Independent samples collected from adults in Junju (n = 40) were used to establish and optimize the Ab-NK cell assay. A pool of hyperimmune sera (PHIS) collected from malaria-exposed adults from Kilifi, Kenya, and an MIG (25) was used for validation experiments and as a positive control.

Cultivation, purification, and quantification of viable P. falciparum merozoites

P. falciparum laboratory-adapted strains of West African (NF54, FCR3, and D10) and SE Asian origin (Dd2), as well as a recently adapted clinical isolate from Kilifi, Kenya (P0000072), were cultured in RPMI 1640 medium supplemented with 0.5% AlbuMAX, gentamycin (25 μg/ml), hypoxanthine (50 μg/ml), 2 mM L-glutamine, and 25 mM Hepes buffer. Cultures were maintained at 2% parasitemia with O-positive erythrocytes obtained from malarianaïve donors (less than 2 weeks old). Free viable merozoites were isolated as previously described (64). Briefly, P. falciparum cultures were allowed to attain 10 to 15% parasitemia and synchronized at the ring stage using 5% sorbitol. After 24 hours, late-stage pigmented trophozoites were harvested by magnetic-activated cell sorting (MACS) column purification as per the manufacturer’s instructions (Miltenyi Biotec), attaining trophozoite purifications of 80 to 95%. The enriched trophozoites were put back in culture and allowed to develop until they began to undergo schizogony (segmented nuclei), whereby 1 mM protease inhibitor (E64; Sigma-Aldrich) was added to allow maturation into late schizonts but inhibit rupture. Mature schizonts were collected and passed through a 1.2-μm microfilter previously blocked in 1% casein in phosphate-buffered saline (PBS) for 10 min to release free viable merozoites. These were either immediately used in the modified invasion inhibition assay (IIA)–ADCC assay or washed twice in PBS, quantified, and stored at −80°C until needed. The relative concentration of the stored merozoites was determined using CountBright absolute counting beads per the manufacturer’s instructions. Briefly, 50 μl of counting beads with a known concentration were mixed with a known volume of merozoites stained with 100 μl of 1× SYBR dye for 15 min at 24°C and acquired on a BD FACSCalibur II flow cytometer. Merozoites were resuspended in 1× PBS at a working concentration of 5 × 107 merozoites/ml and stored at −80°C.

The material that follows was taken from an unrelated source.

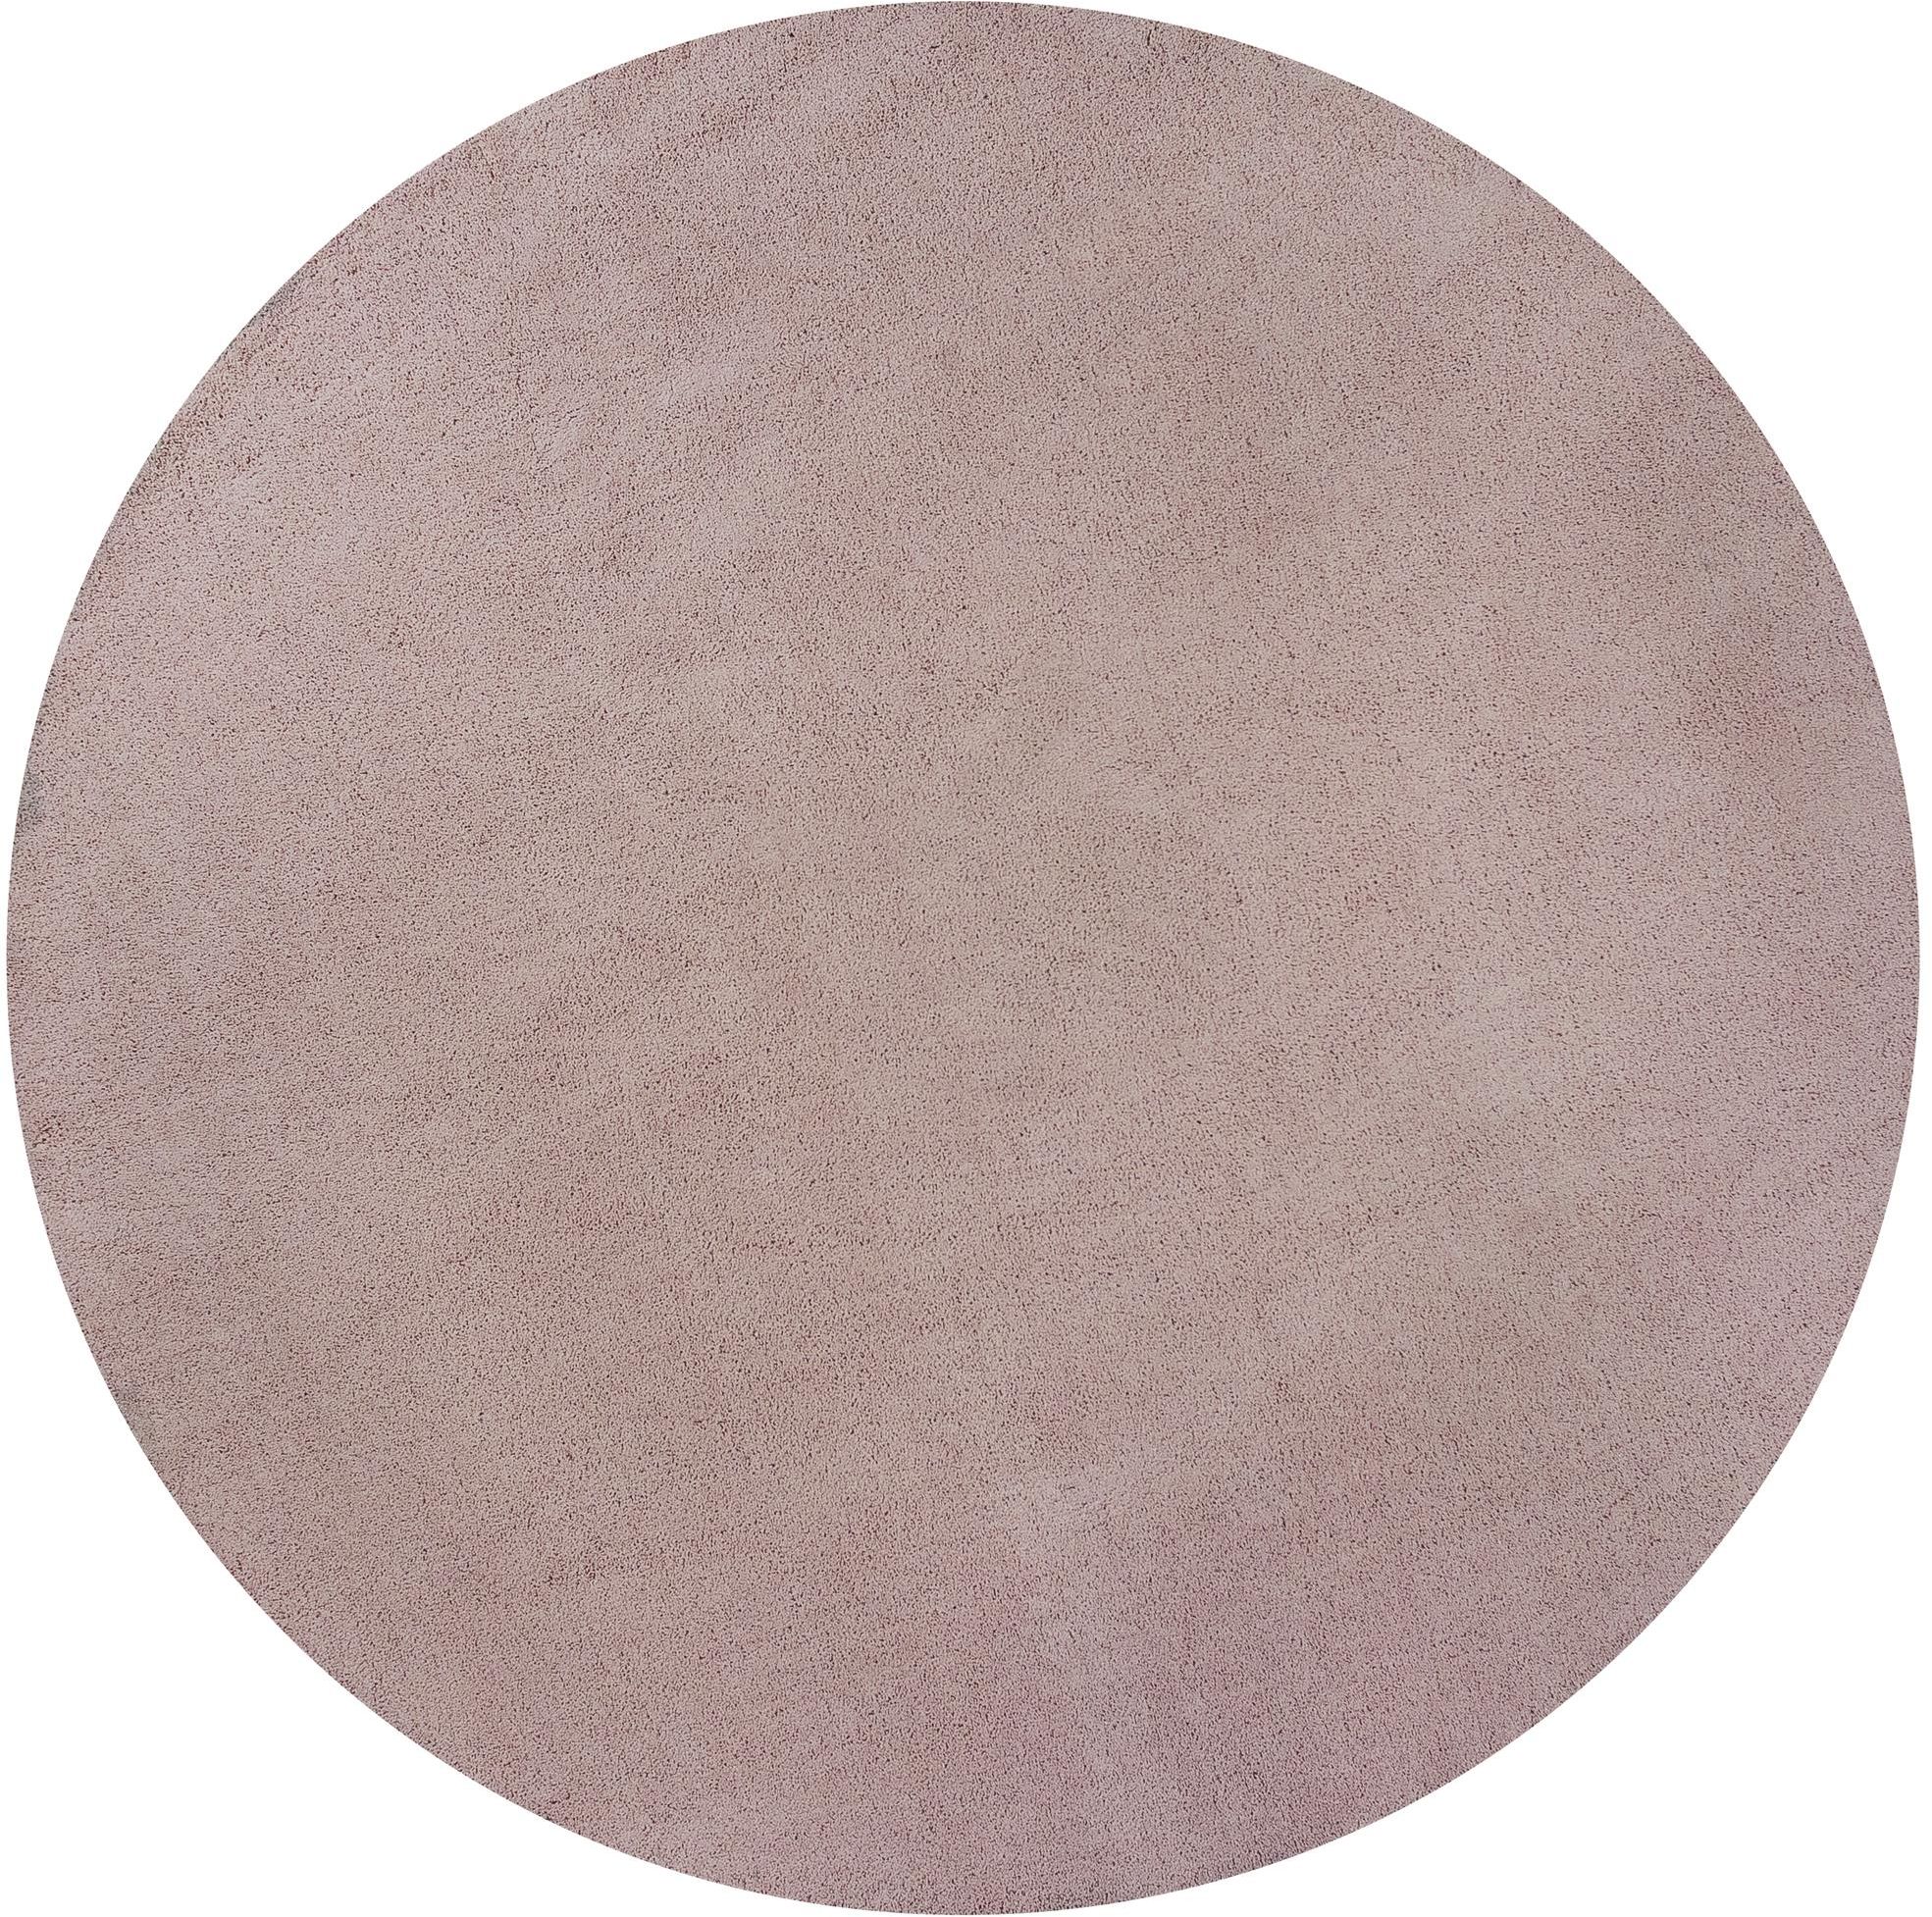 KAS Bliss 6' Round Rug

Recombinant expression of P. falciparum merozoite antigens

The recombinant merozoite antigens were expressed in-house as previously described (58). Briefly, Expi293F cells (Invitrogen) were cultured to a density of 2.0 × 106 cells/ml and transfected with expression vectors using the Expifectamine 293 transfection reagent (Invitrogen). Cells were then incubated at 37°C with 8% CO2 in an orbital shaker at 125 rpm. Culture supernatants were harvested 6 days after transfection, and proteins were purified using nitriloacetic acid bound with nickel (Ni-NTA) purification columns (Invitrogen).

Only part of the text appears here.